Читать книгу Durchschlag am Gotthard - Alexander Grass - Страница 25
Neuland im Tunnelbau
ОглавлениеDie Belüftung erschien zu jener Zeit als eines der wichtigsten Probleme bei den immer zahlreicher werdenden Autotunnelprojekten. Das galt insbesondere auch für den längsten Strassentunnel der Welt am Gotthard. Die gesundheitsschädlichen Auswirkungen von Autoabgasen waren eben erst bekannt geworden.13 Es wurde untersucht, welche Symptome sich bei Menschen bei welchen Konzentrationen des gefährlichen Kohlenmonoxids einstellten. EASF-Direktor Robert Ruckli stand in Kontakt mit den Betreibern italienischer Autobahntunnels, die bereits über Erfahrungen mit Schadstoffen in Strassentunnels verfügten, 14 und den Tunnels am Mont Blanc und am Grossen Sankt Bernhard wurde ein Besuch abgestattet.15 So wurde mit Ortsterminen und Briefwechseln das damals verfügbare Wissen aufwendig recherchiert.

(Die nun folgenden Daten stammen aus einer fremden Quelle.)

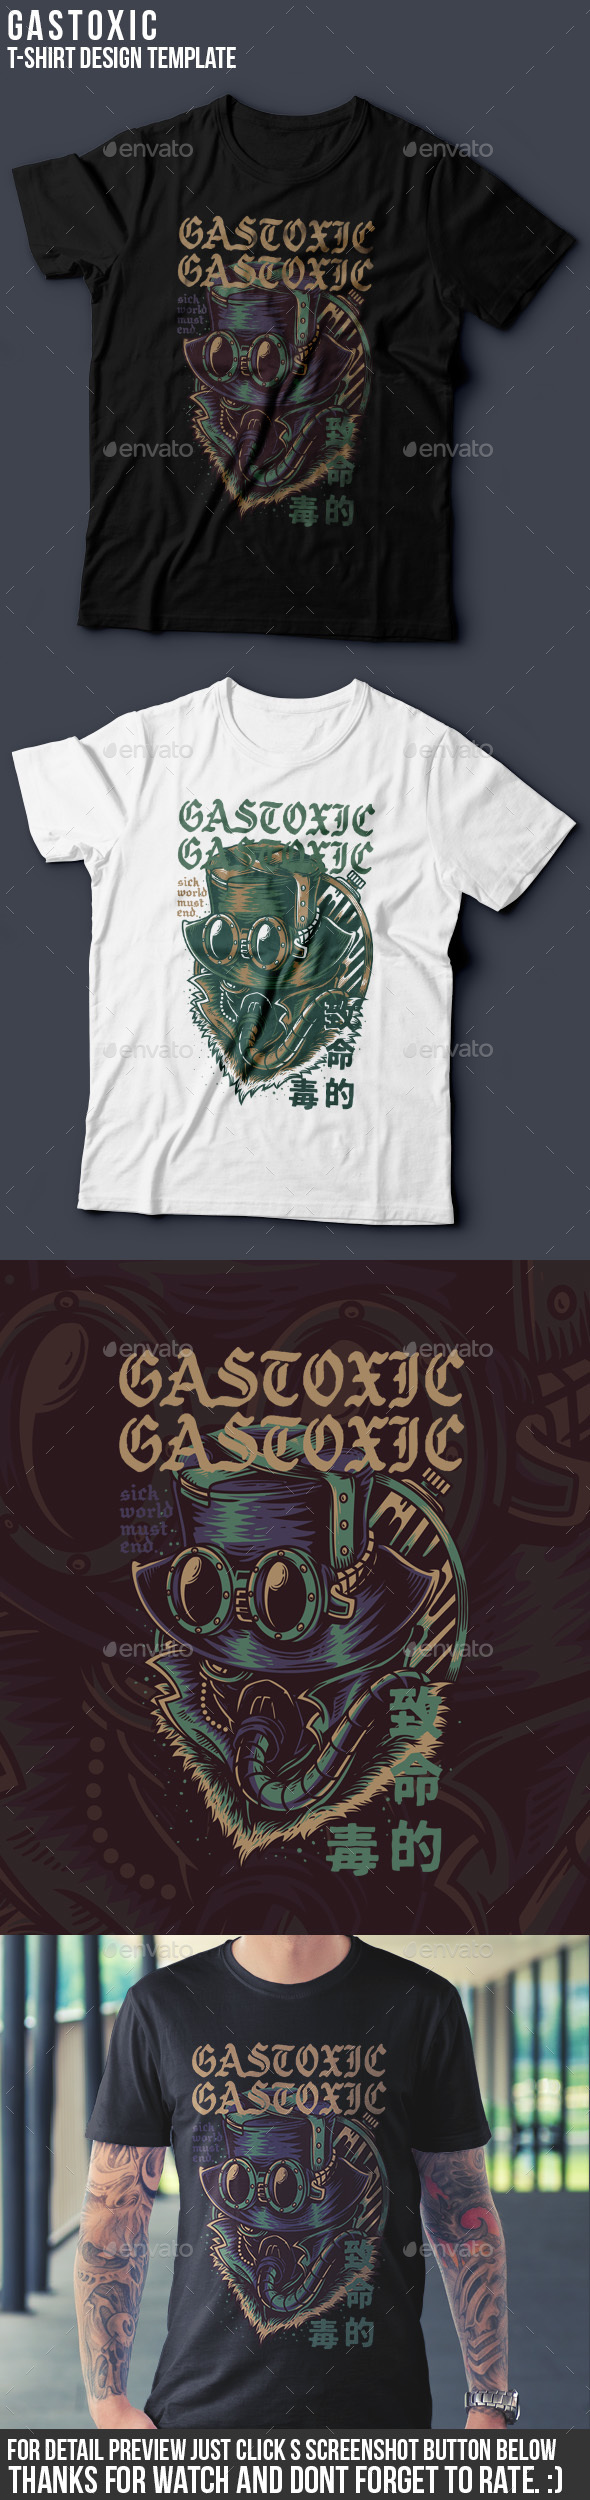 Gas Toxic T-Shirt Design

Welche Mengen gesundheitsschädlicher Abgase würden Autos in den kommenden Jahrzehnten ausstossen? Die Antwort auf diese Frage war zusammen mit den Grenzwerten entscheidend für die Auslegung der Lüftung im Gotthard-Strassentunnel. In Kalifornien entstanden weltweit erste Vorschriften, mit denen der Ausstoss von Kohlenmonoxid um fast ein Drittel gesenkt wurde. Die Planer des Tunnels am Gotthard nahmen solche Grenzwerte vorweg und gingen davon aus, dass der europäische Fahrzeugbestand ab 1985 den kalifornischen Vorschriften entsprechen werde.16 Zugleich aber wurden die Grenzwerte für die Kohlenmonoxidkonzentration in der Tunnelluft festgelegt und verschärft. Der Hollandtunnel in New York wurde genauso wie viele ältere Tunnels auf 400 Parts per million (ppm) ausgelegt, also auf 400 Gasteile Kohlenmonoxid auf eine Million Luftteile. 1967 wurden die internationalen Grenzwerte für Gebirgstunnel auf 150 ppm herabgesetzt. In der Schweiz waren es 200 ppm17 – und im Mont-Blanc-Tunnel 100 ppm.

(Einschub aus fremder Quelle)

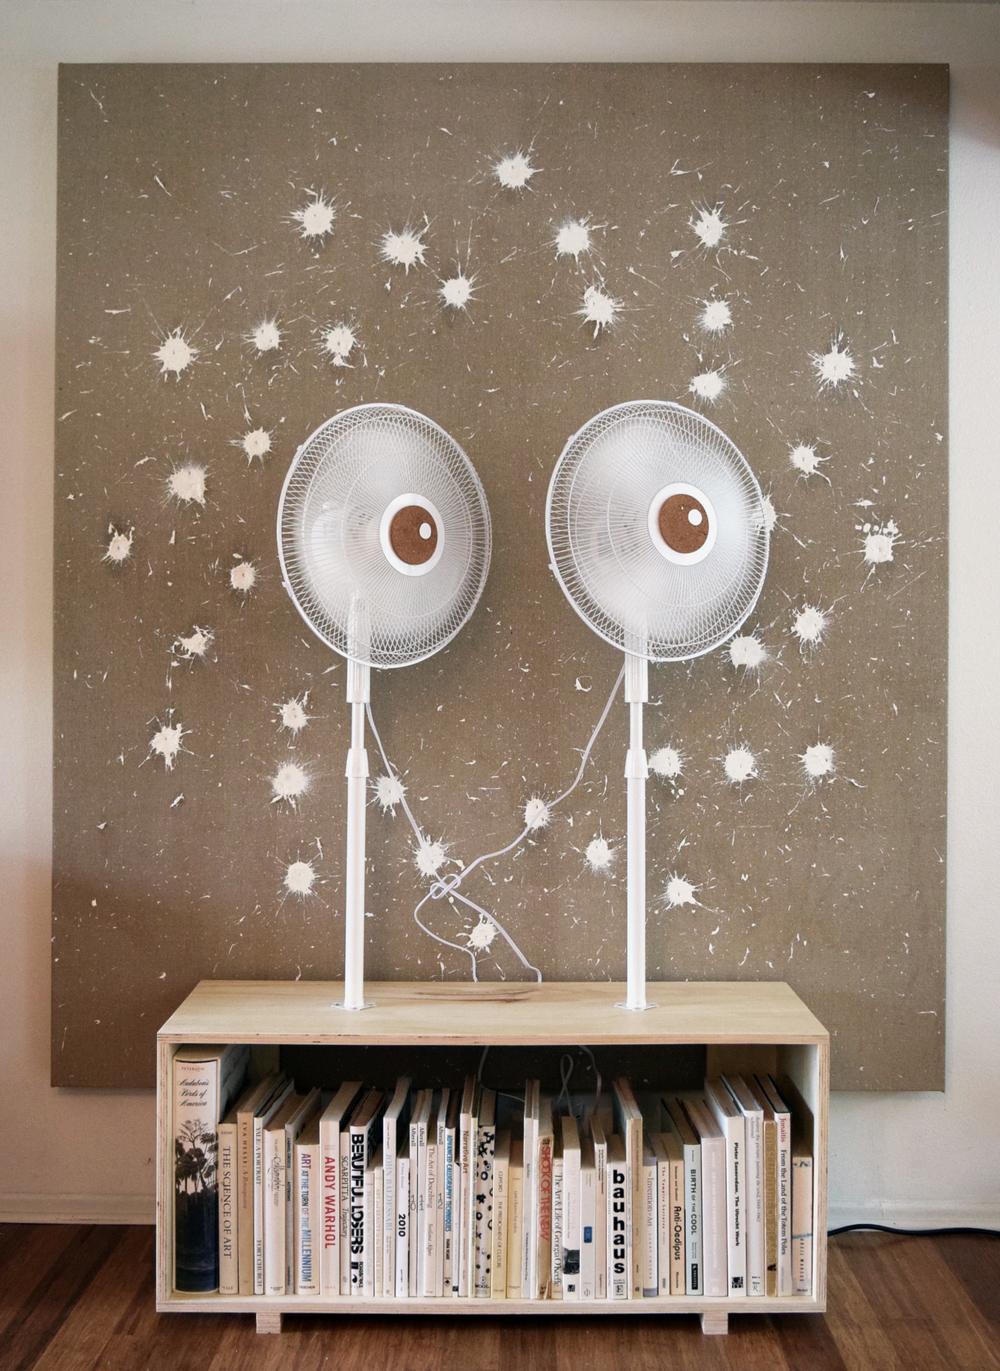 BlowHard - 2016 - Oil paint, hemp, electric fans, cork, paper, wood, books

Kurz vor der Eröffnung des Mont-Blanc-Tunnels 1965 wurde festgestellt, dass die Lüftung nicht für 1000 Fahrzeuge pro Stunde ausreicht, sondern nur für 500. Die Lüftung war aus Kostengründen zu klein geplant worden. Am Gotthard wurden also zahlreiche Anordnungen von Lüftungssystemen und Tunnelquerschnitten untersucht.18 Je enger ein Lüftungskanal ist, desto höher ist der Energiebedarf für das Einblasen und Absaugen von Luft oder Abgasen. Bei vier Lüftungsschächten waren die Lüftungsabschnitte im Strassentunnel kürzer als bei zwei Schächten, die Ventilatoren brauchten in diesem Fall also weniger Energie als bei langen Abschnitten, dafür mussten mehr kostspielige Schächte gebohrt werden. In unverkleideten, rauen Zuluftstollen stieg der Energieverbrauch, bei glatten, im Bau aber teureren Stollenwänden sank er hingegen. Gesucht war das Optimum bei der Summe aus Anlage- und Betriebskosten.